Survey: What Keeps Network Administrators Up At NightSixth annual survey of 320 network and systems admins shows a noticeable decrease in IT budgets
BOCA RATON, FL and ALBUQUERQUE, NM, May 14, 2009 / PRNewswire / — According to findings from the sixth annual "What Keeps Network Administrators Up At Night" survey commissioned by VanDyke Software and executed by Amplitude Research, the world of enterprise network and systems administrators has seen IT budget landscapes turned upside down, producing a dynamic of IT security "haves" and "have nots" " with differing levels of confidence to manage IT security priorities and challenges.
Reversal of fortune for IT budgets
This year's survey of 320 network and systems administrators conducted the third week of April found that 41% were seeing a decrease in their company's 2009 overall IT budget as compared to 2008, while 22% were seeing an increase. In the 2008 survey, only 18% were seeing a decrease in their company's 2008 IT budget as compared to 2007, while 44% were seeing an increase.
While more than half of all network and systems administrators feel they are sufficiently budgeted for information security needs, this year showed a significant decline in perceived sufficiency of IT budgets to meet security needs. In the April 2009 survey, 54% of respondents indicated they were sufficiently budgeted (46% said they were not), as compared to 64% who said they had sufficient budget in the 2008 survey. "That's a significant decline," said Amplitude Research CEO Steve Birnkrant.
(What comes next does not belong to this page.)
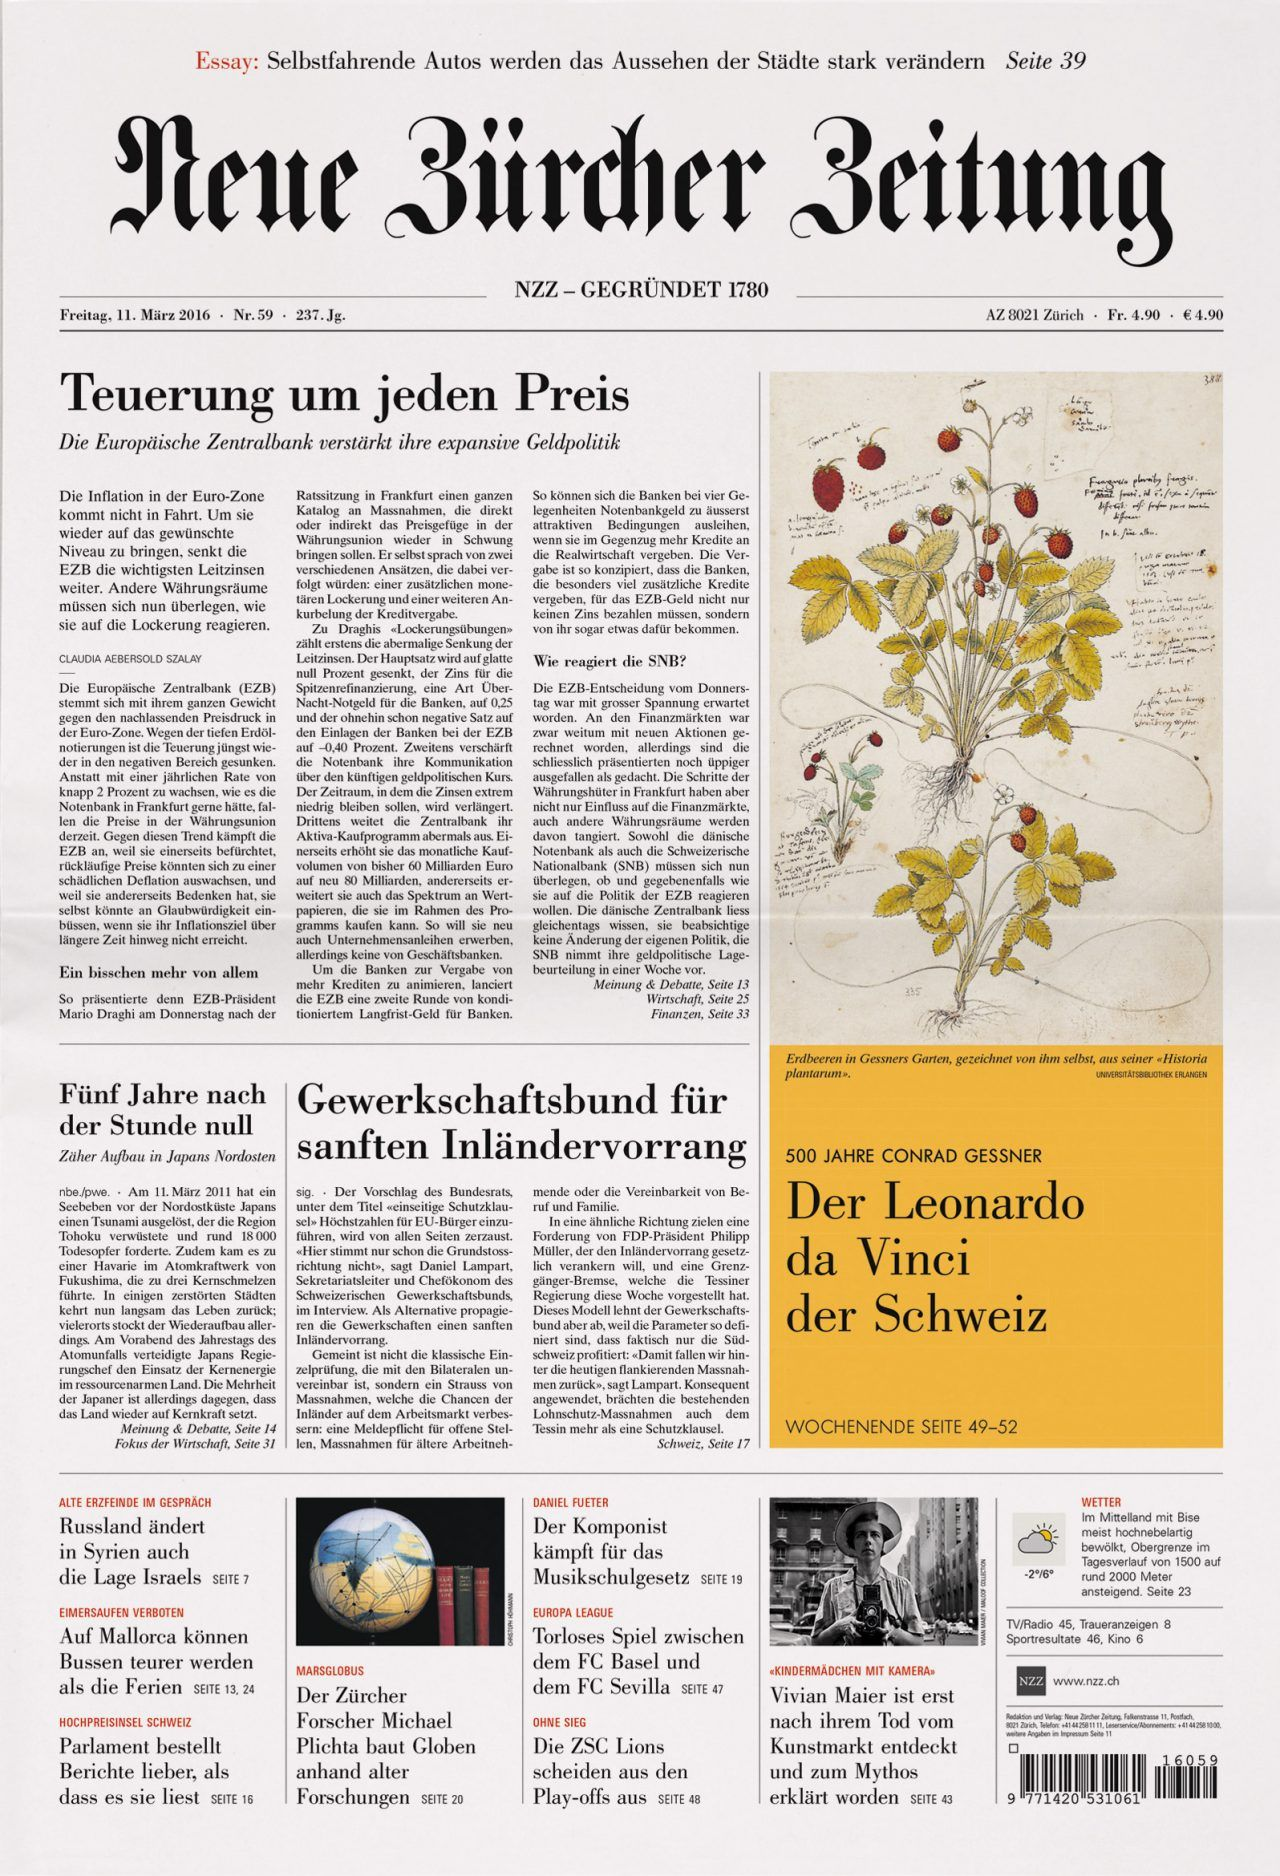 http://meireundmeire.com/nzz-mediengruppen_neue-zurcher-zeitung ...

Current economic conditions and security project cancellations
Overall, 27% of the respondents were aware of cancellations of 2009 IT security projects as a result of a perceived poor economy. Among those feeling their company was not sufficiently budgeted for security needs, 39% were aware of their company canceling security projects. In contrast, 17% of those who felt their company was sufficiently budgeted were aware of their company canceling 2009 IT security endeavors/projects as a result of a perceived poor economy.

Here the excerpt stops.